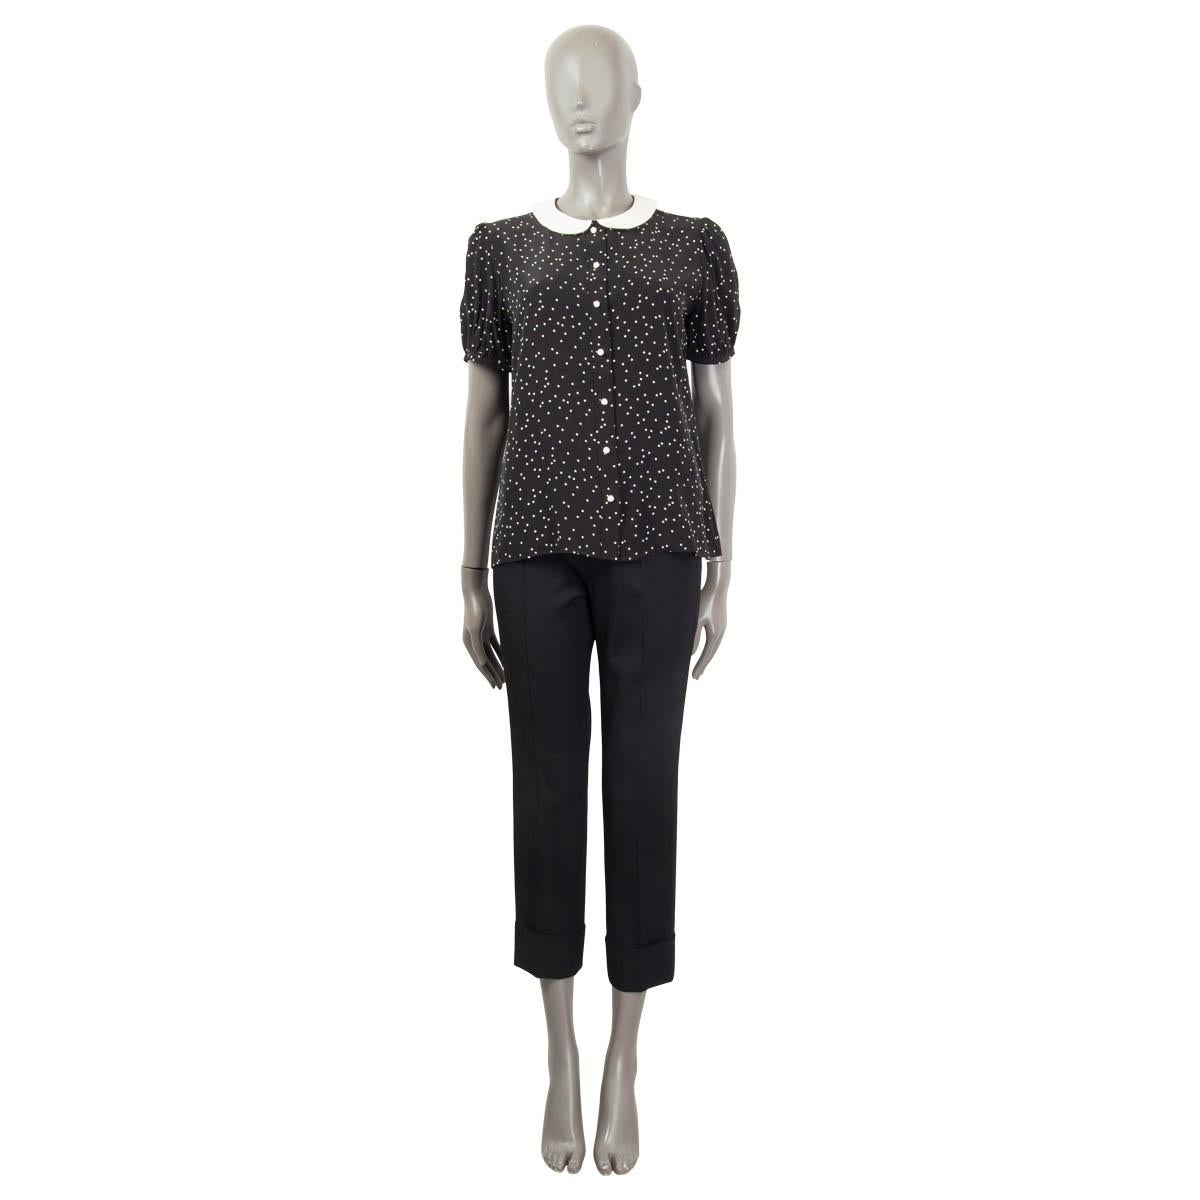 100% authentic Saint Laurent short sleeve polka dot shirt in black and white silk (100%). Features a white peter pan collar and opens with seven white rose buttons on the front. Unlined. Has been worn and is in excellent condition.

Measurements
Tag
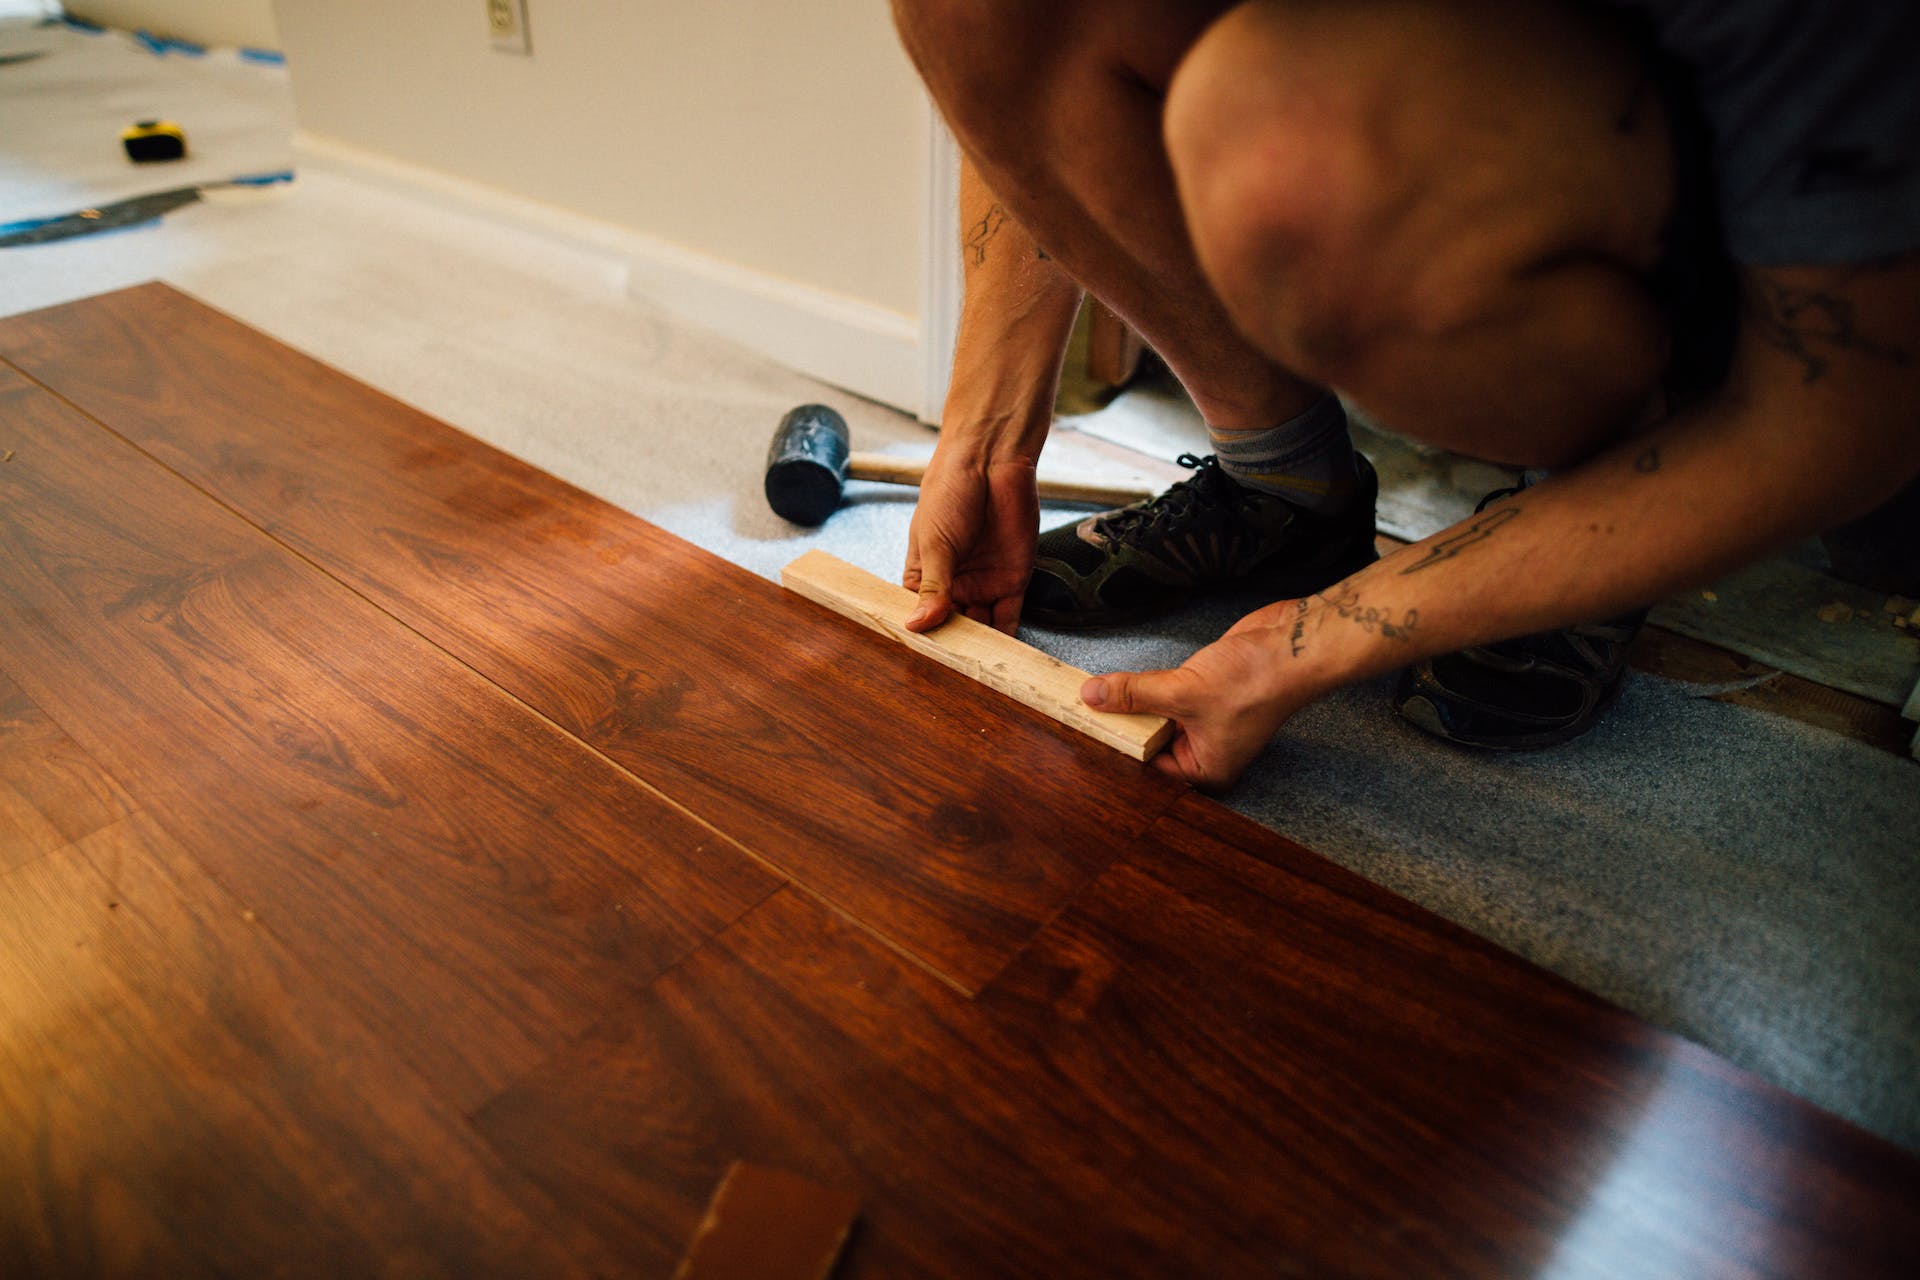 A man busy installing laminate flooring with a wood look to it
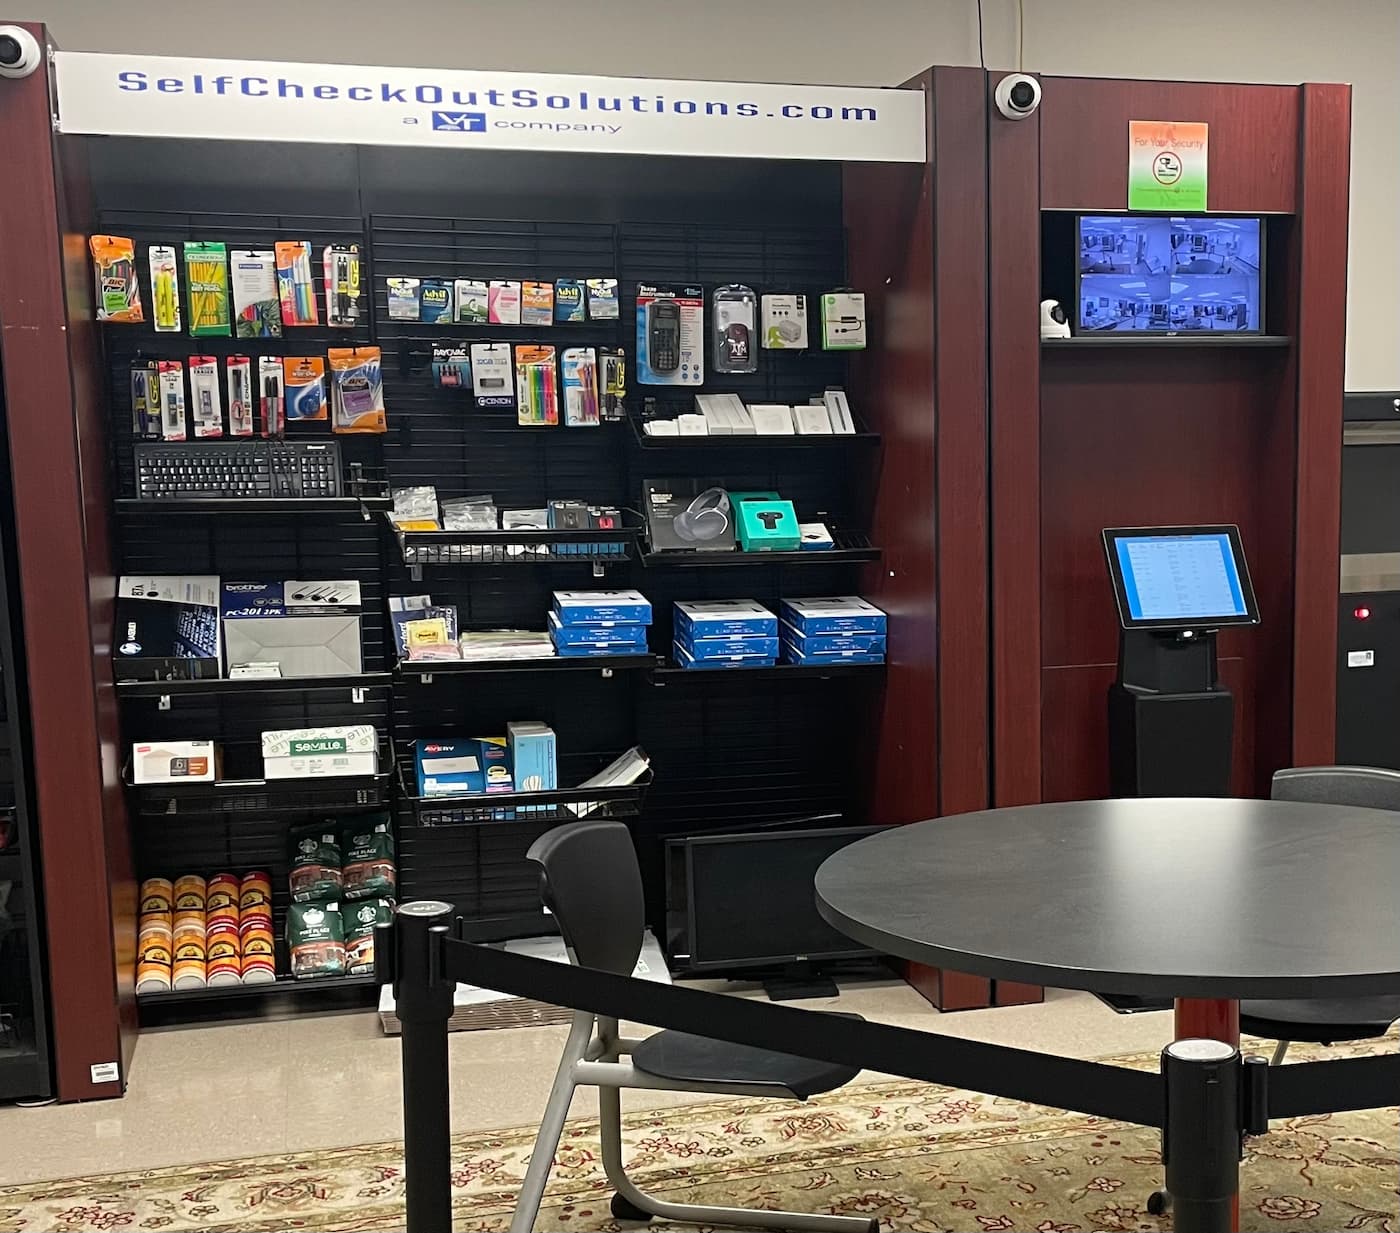 Example self-checkout area inside an employee breakroom

━━━━━━

ABOUT THIS TASK =
Repeat the records word for word. Any picture in them should be left out.

THE COMPLETED TASK =
 100% authentic Saint Laurent short sleeve polka dot shirt in black and white silk (100%). Features a white peter pan collar and opens with seven white rose buttons on the front. Unlined. Has been worn and is in excellent condition.

Measurements
Tag
 A man busy installing laminate flooring with a wood look to it
 Example self-checkout area inside an employee breakroom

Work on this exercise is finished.